The principle of usability is supported by allowing options for how the conversion process can be deployed and used. The transformation process can run on a server or can run locally, and can be accessed in several ways:

Web Browser UI – for Digital Production staff
HTTP API – for large batches and automation
Command Line – for running locally and use in an oXygen add-on

There are also options for how journal issues in TFJA format can be provided as input to the conversion process which support the various scenarios that may be required by Digital Production team members:

TFJA issue file zipped
TFJA issue files zipped in a folder
TFJA issue folder unzipped
Unique Identifier for a TFJA issue file in the archive

With these guiding principles established, we developed a technical architecture that would support the fidelity and usability requirements and provide capabilities for addressing the complexities inherent in converting XML document formats.

Technical Architecture

The design principles of fidelity and usability are supported by the choice of technology and software used to create the new transformation process. XSLT 3.0 and XQuery 3.1, and the latest versions of Saxon and BaseX are being used to create the new conversion process.
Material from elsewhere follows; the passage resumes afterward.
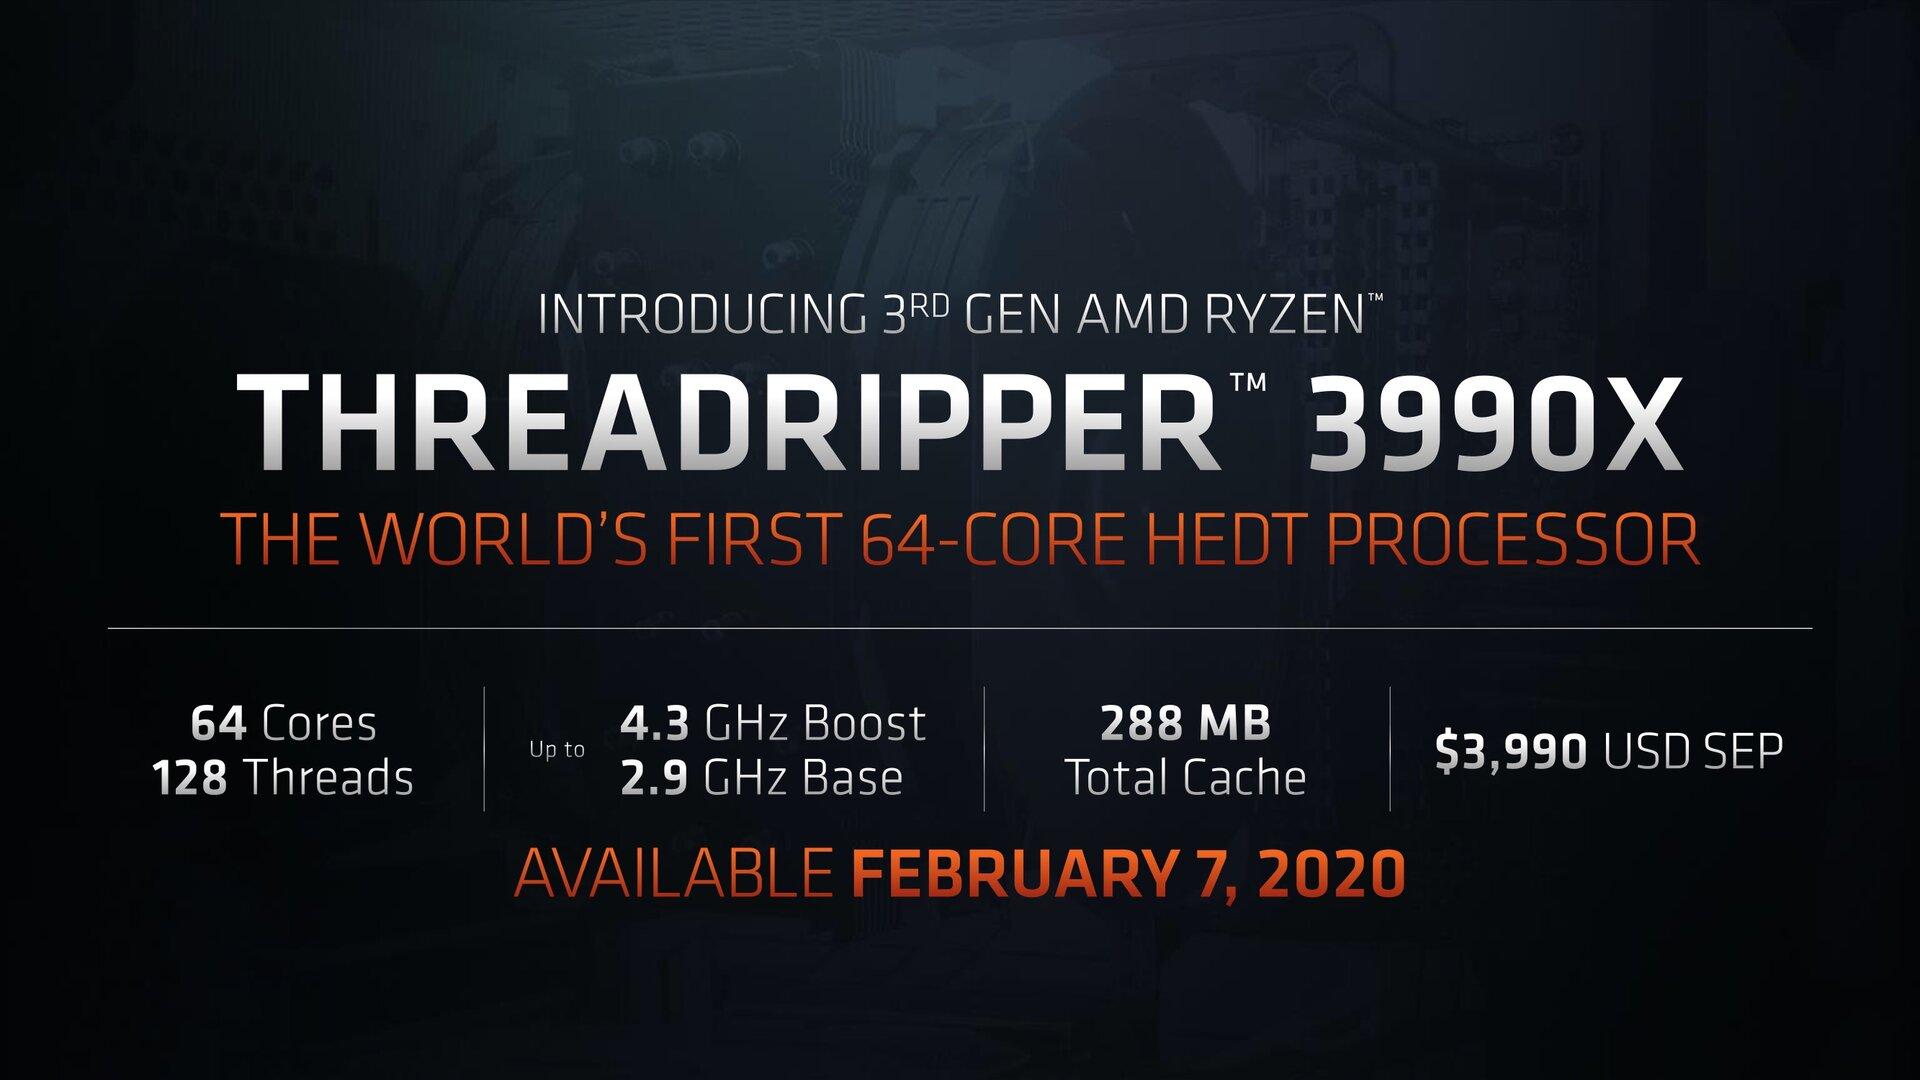 Threadripper 3990X: Ab 7. Februar für 3990 US-Dollar

The diagram in Figure 1 provides an overview of the technical architecture. User interactions via web browser user interface, HTTP API, and command line are represented on the left side of the diagram. The central part of the diagram represents BaseX running on Java on a Windows or Linux operating system, which can be deployed in a Docker Container. BaseX contains the XQuery code and XSLT code (via Saxon) and is underpinned by the Jetty webserver and a file system. The XQuery code can access TFJA files in the content management system (DARTS Archive). A GitHub repository is used to manage the source code and automate testing and deployment. The development environment, represented on the right side of the diagram, consists of oXygen XML Editor, BaseX, Visual Studio Code, XSpec, Gradle, Git, Java JDK, and Docker Desktop.
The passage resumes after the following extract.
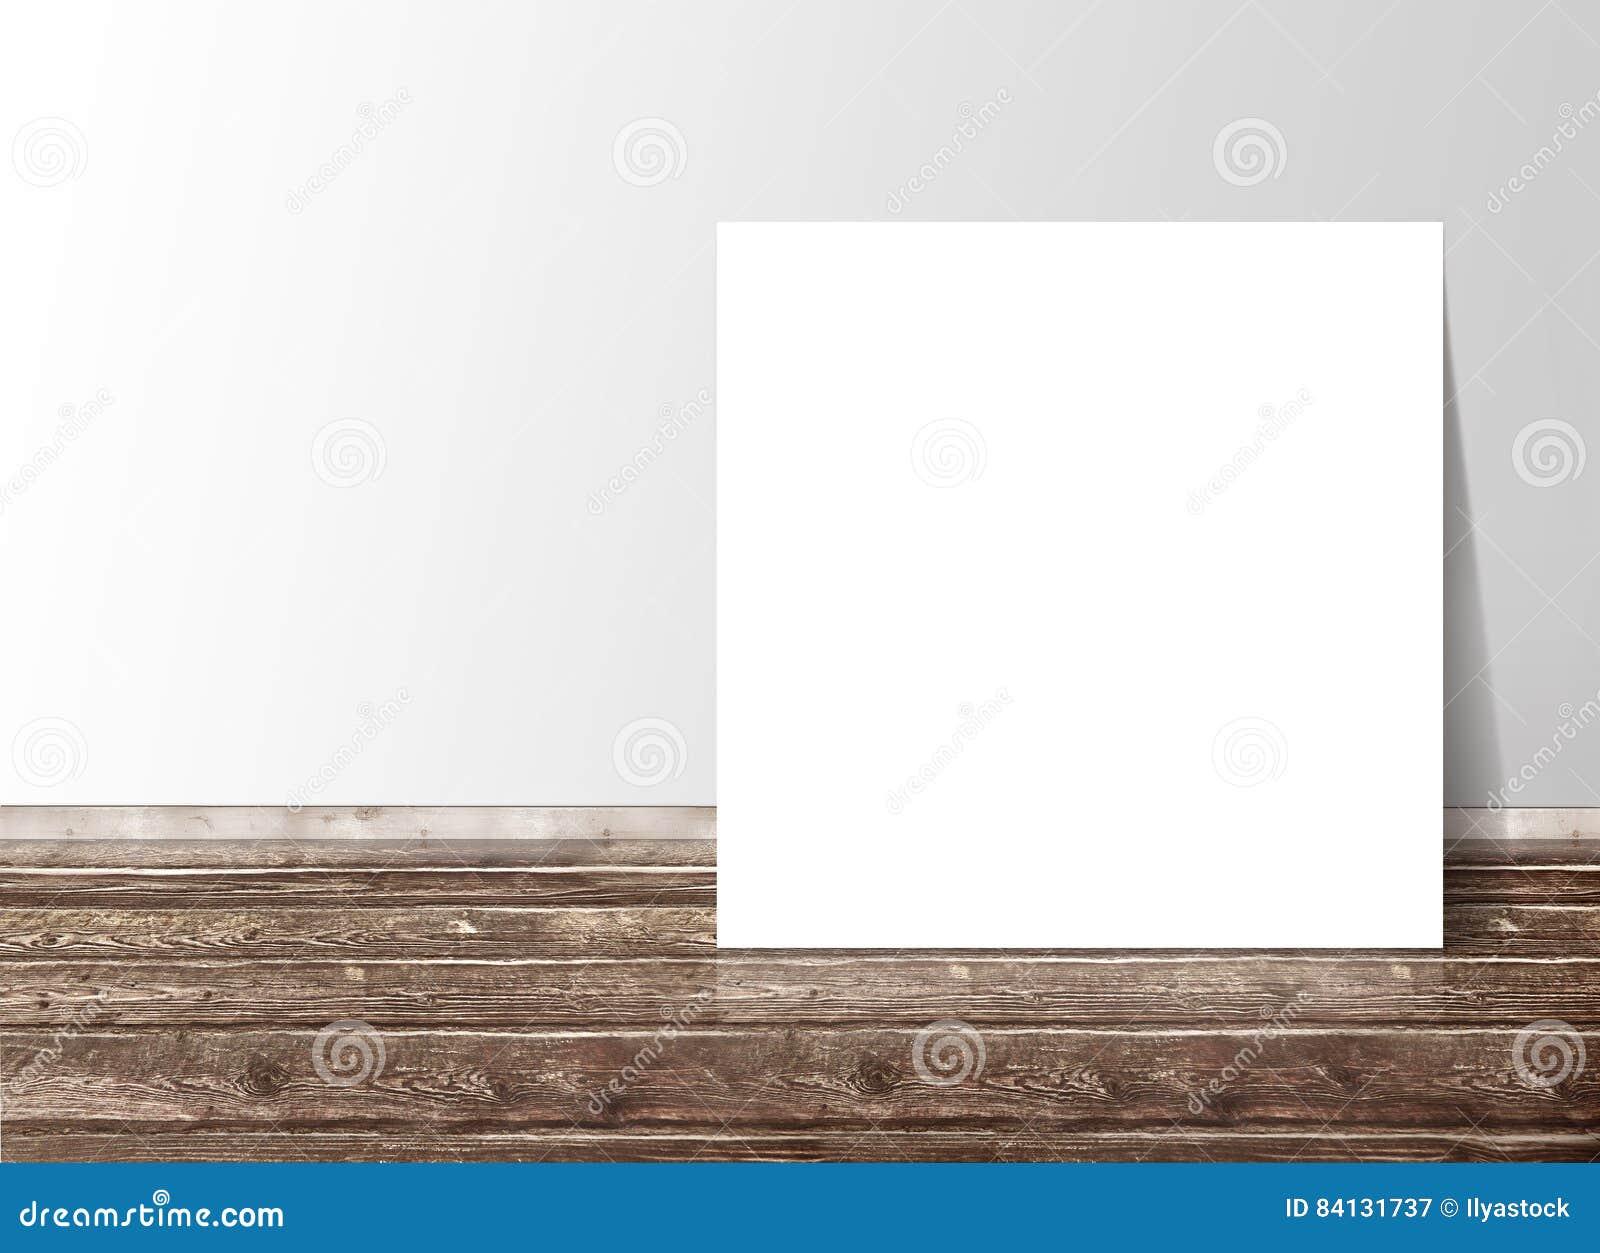 как сделать фото квадратным с белыми полями закупки проводятся

BaseX contains several extensions of XQuery that were utilized including RESTXQ and modules Job, Store, File, Validate, Archive, XSLT, SQL, HTTP, HTML, and Unit.
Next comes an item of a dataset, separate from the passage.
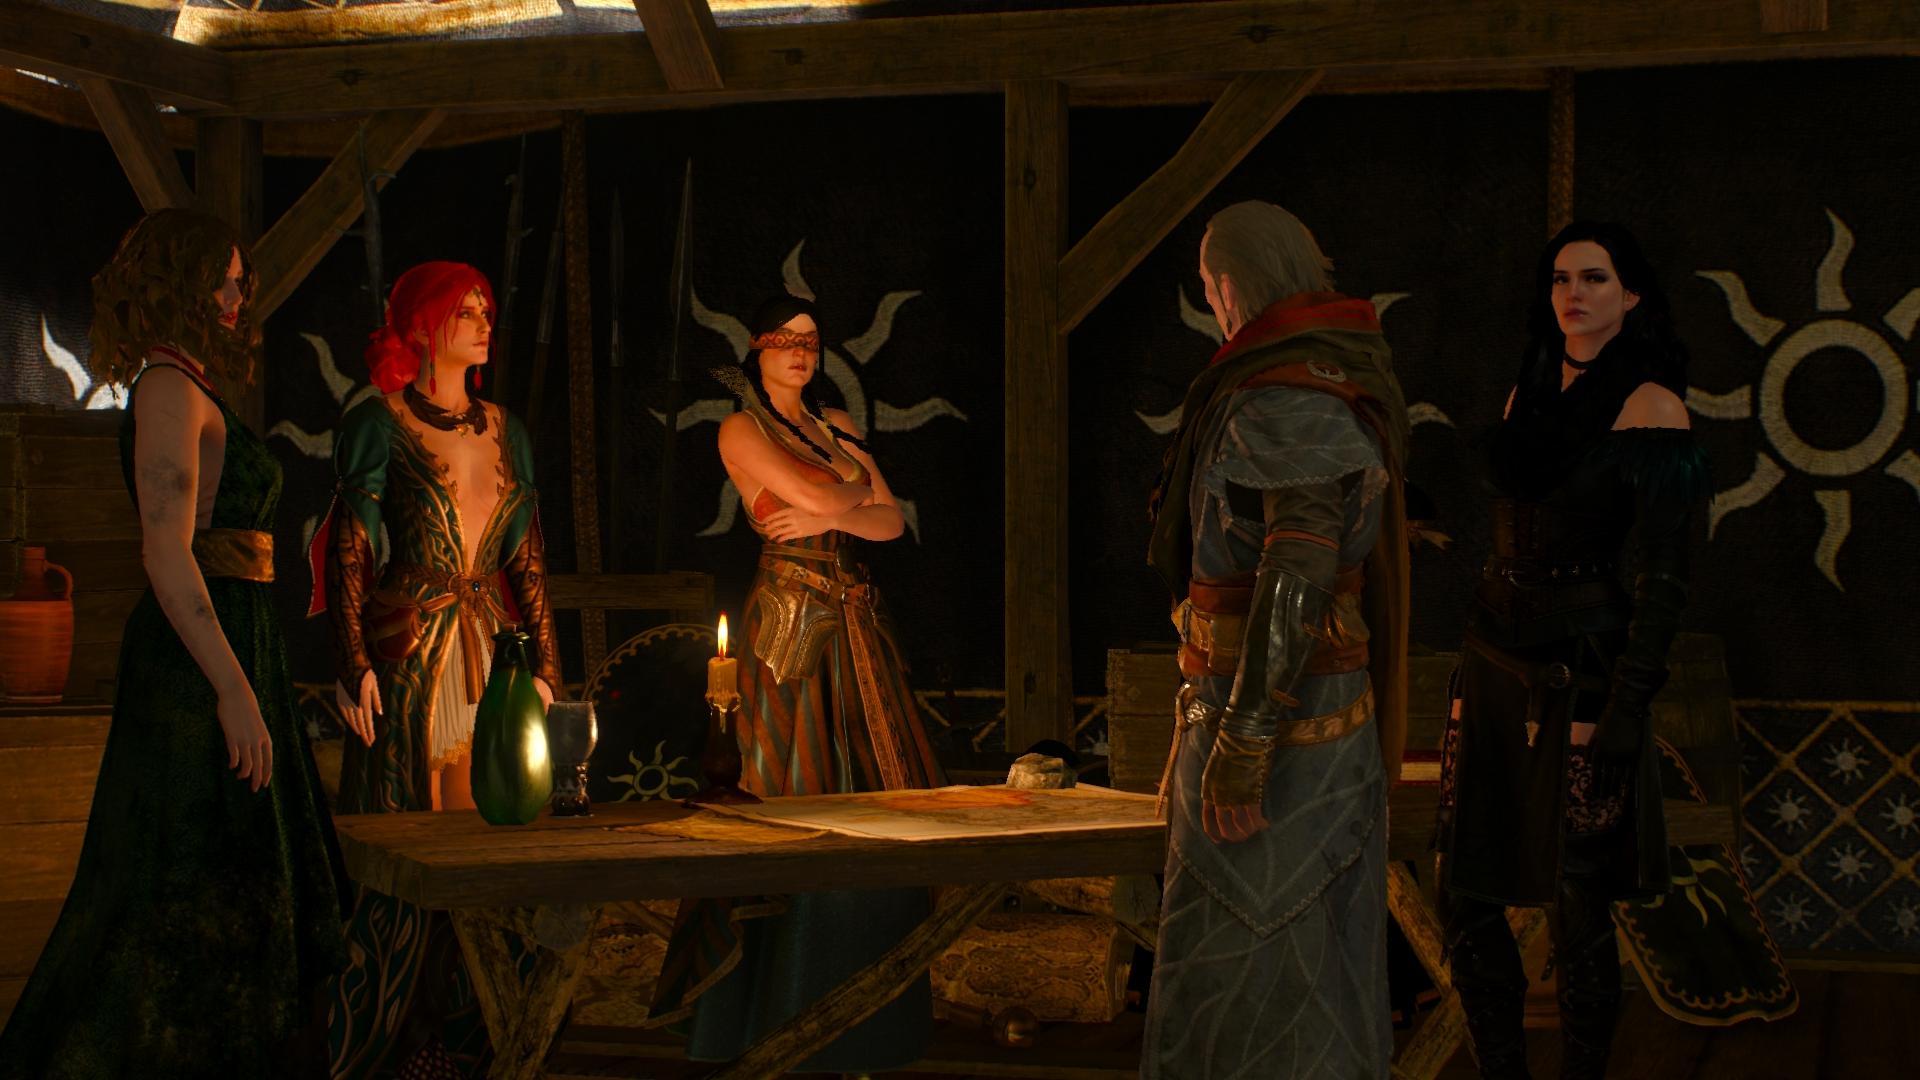 Witcher 3 loge der zauberinnen

RESTXQ was used to create an HTTP API and a web-based user interface. The conversion process is started by using one of several HTTP API endpoints that are bound to XQuery functions that handle different types of input, e.g. TFJA issue file(s) zipped, TFJA issue folder unzipped, or a unique identifier for a TFJA issue file in the archive. Each of these functions uses the Jobs module to queue a TFJA file for processing so that an HTTP response is immediately returned. The Store module is used to record information about each job, including the Job ID, the status of the job (e.g. queued, processing, error, finished), the file name of the TFJA file, and any error or warning messages. This information is made available through HTTP API endpoints. The JATS file that is produced by the conversion process is then downloaded using another HTTP API endpoint. The web interface makes use of these HTTP API endpoints to provide functionality including input forms, a live status display, and download links.

The core parts of the conversion process are written in XQuery and XSLT. XQuery code performs actions such as looping through files, unzipping/zipping, moving and renaming files, invoking XSLT, and validating. XSLT code performs the transformation of TFJA XML to JATS XML.

Certain coding conventions were adopted to help ensure quality. A Schematron schema for XSLT was created to help ensure that all XSLT templates adhere to the coding conventions for this project. This Schematron schema for XSLT was configured in oXygen XML Editor to supplement the coding suggestions that the oXygen XML Editor normally provides for XSLT. The coding conventions for this project include the following rules:

Every element and every attribute that is defined in the TFJA DTD should have a <xsl:template>.
Every <xsl:apply-templates> must have a select attribute.
Every <xsl:template> (with some exceptions) must contain <xsl:apply-templates> with a select attribute for @* and node() or contain <xsl:next-match/> to ensure that all XML nodes are processed, including all elements, attributes, text, comments, and processing instructions.

Two unit testing frameworks were used in combination with other testing methods which will be described in a following section: XSpec was used to test XSLT code, and XQUnit was used to test XQuery code.^[1]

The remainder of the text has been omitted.